Institute for Computing and Information Sciences, Radboud University, Nijmegen, Netherlands
Writing fanfiction based on original fiction is a known method for fans to interact with the source material and express their (dis)satisfaction with it. In this work, we investigate the relationship between canon and fanfiction by answering the question: What can we learn about the fan views on the source materials based on their fanfiction through topic modeling? Furthermore, we are interested in analyzing whether the fans agree with the canon content development. The majority of the research conducted in this domain is in the form of interviews. We attempt a thorough analysis of the featured topics and characters in fanfiction in an automated way using topic modeling, with which we lay a strong foundation for future studies of similar problems.
We successfully conduct an analysis of the frequently found themes within Supernatural fanfiction through topic modeling on the corresponding 42,000 summaries. Using Latent Dirichlet Allocation (LDA), we perform 10 passes over the corpus and extract the 10 most commonly used words in 20 groups which we assign topics. We perform a temporal analysis by learning four topic models for four time periods in which the show has run to track the evolution of the fans' involvement and of the predominant themes that interest the fans as told through their fanfiction. The topics were labeled by hand leveraging the domain knowledge of the author.

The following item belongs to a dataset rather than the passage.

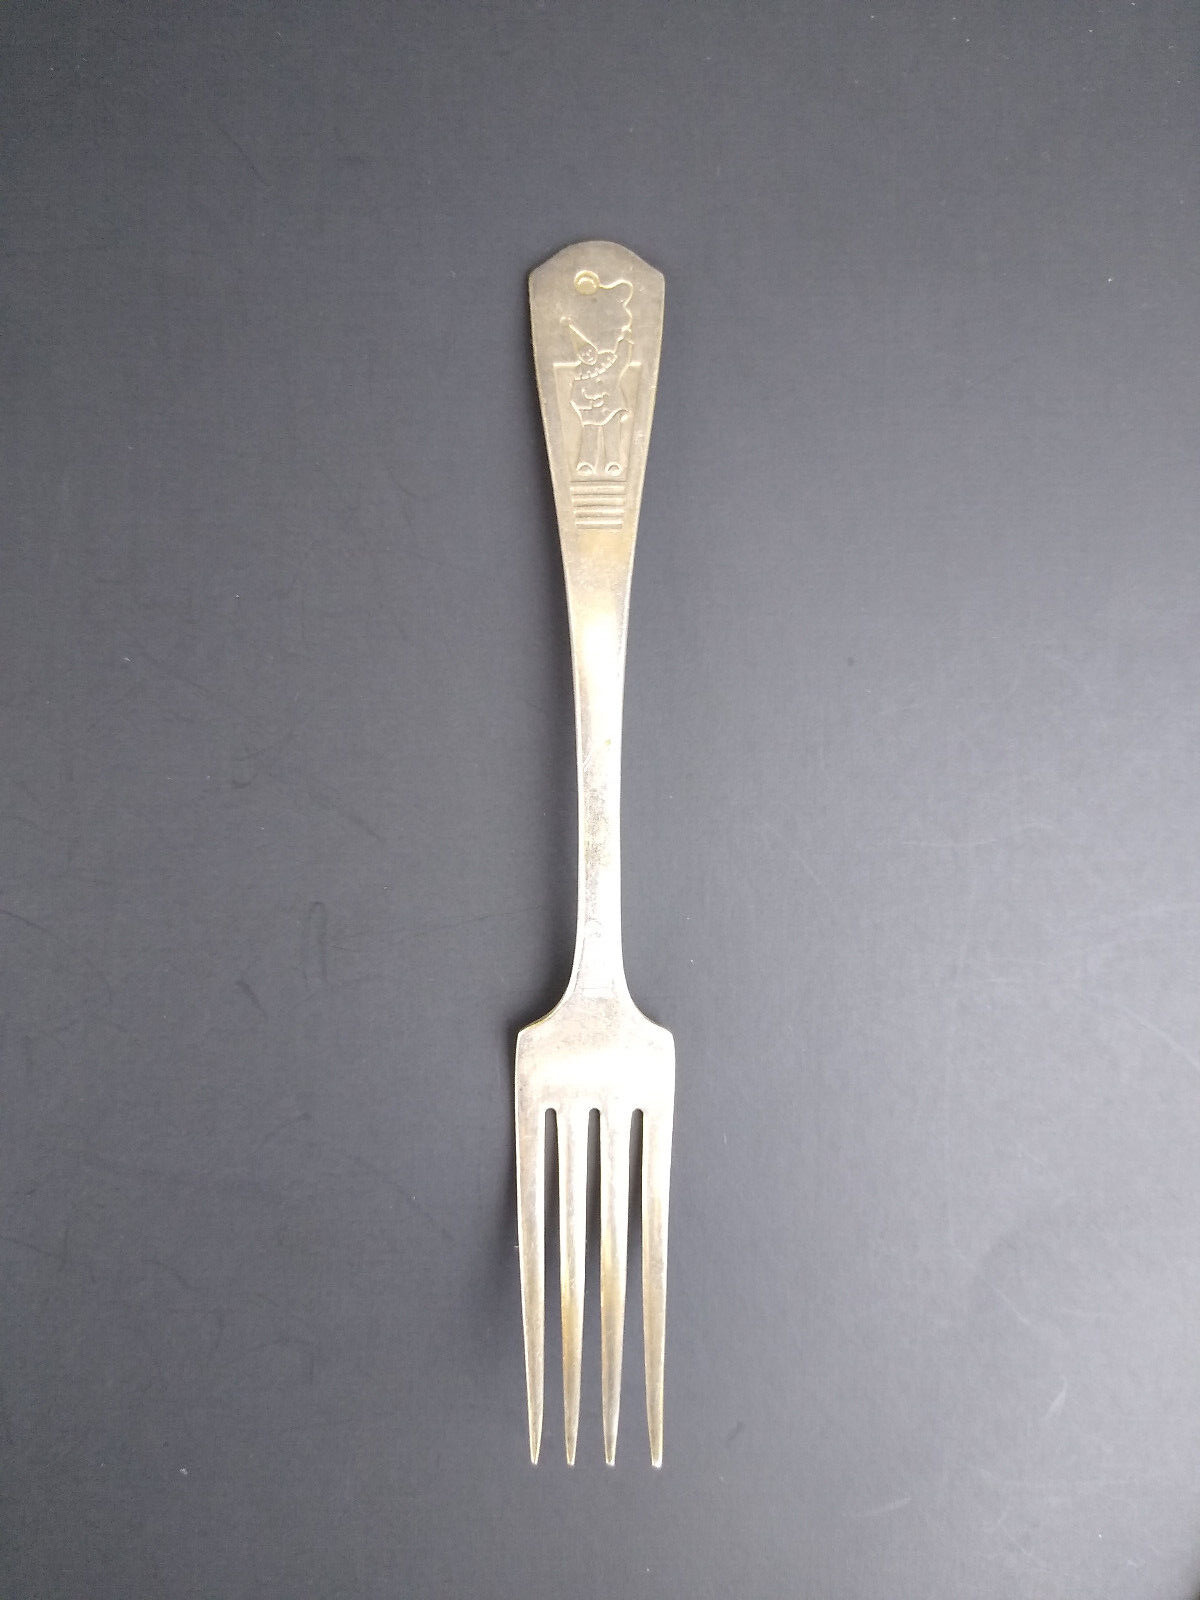 Childs Clown Fork 1930s Silver Plate Imperial Silverplate Vintage 5\
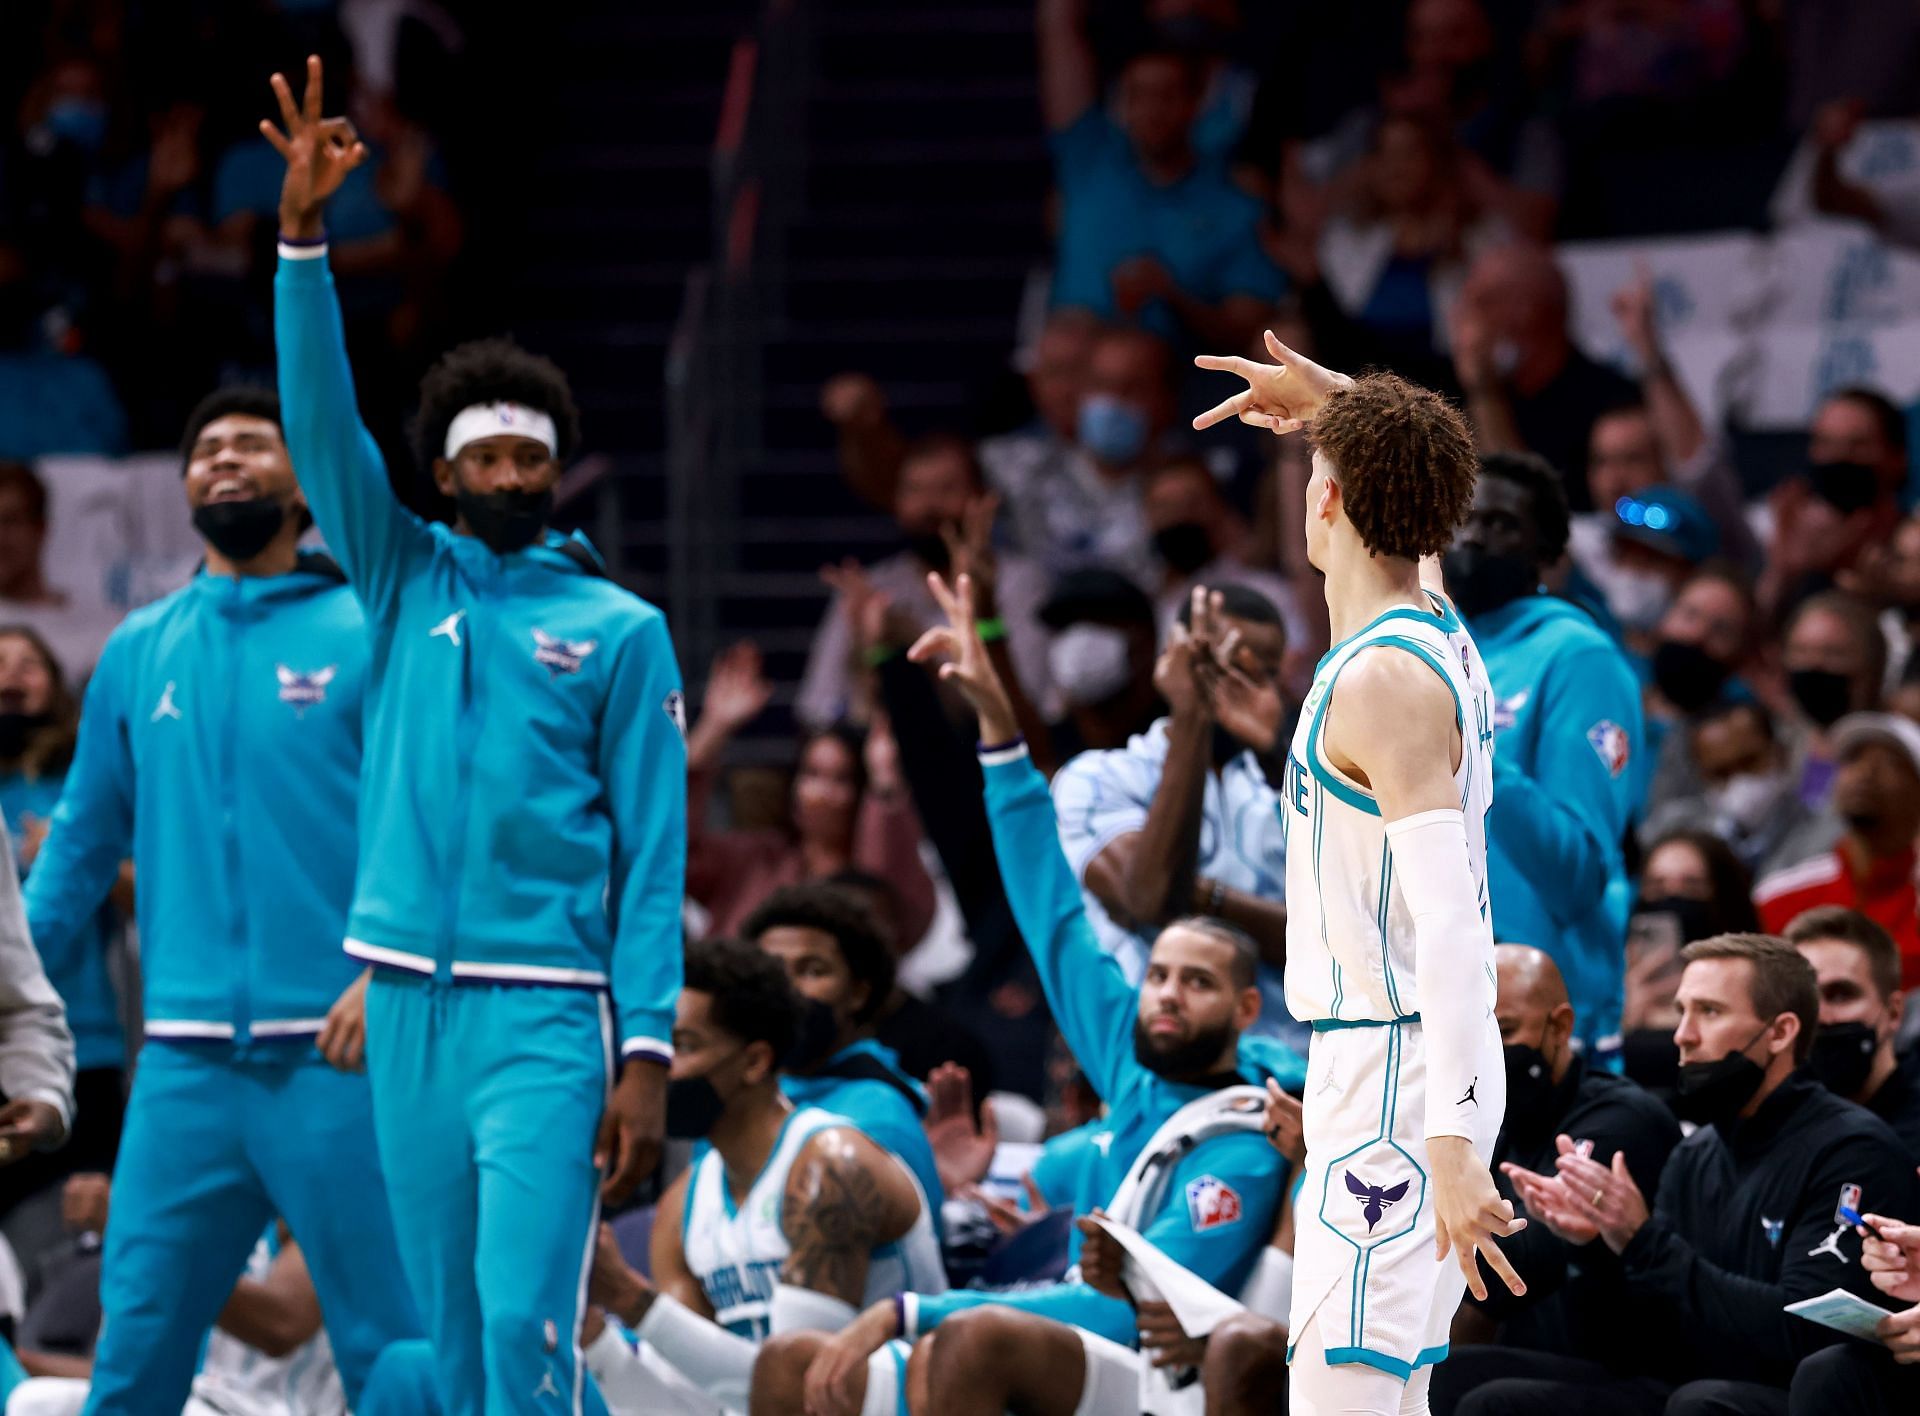 The Charlotte Hornets will count on a young core to end a long playoff drought

We report a divergence from the source material expressed through overrepresentation of secondary characters and change in the character dynamics, while the plot and setting remain close to the canon. Moreover, we identify queerification of the source material. Our results confirm what previous non-automatic research has produced, showcasing that topic modeling is a very suitable technique for tasks from the domain of fanfiction. Future work can, for instance, apply topic modeling on the whole fanfiction contents, weight the topics by the number of reads, and explore fanfiction per genre, not individual media property.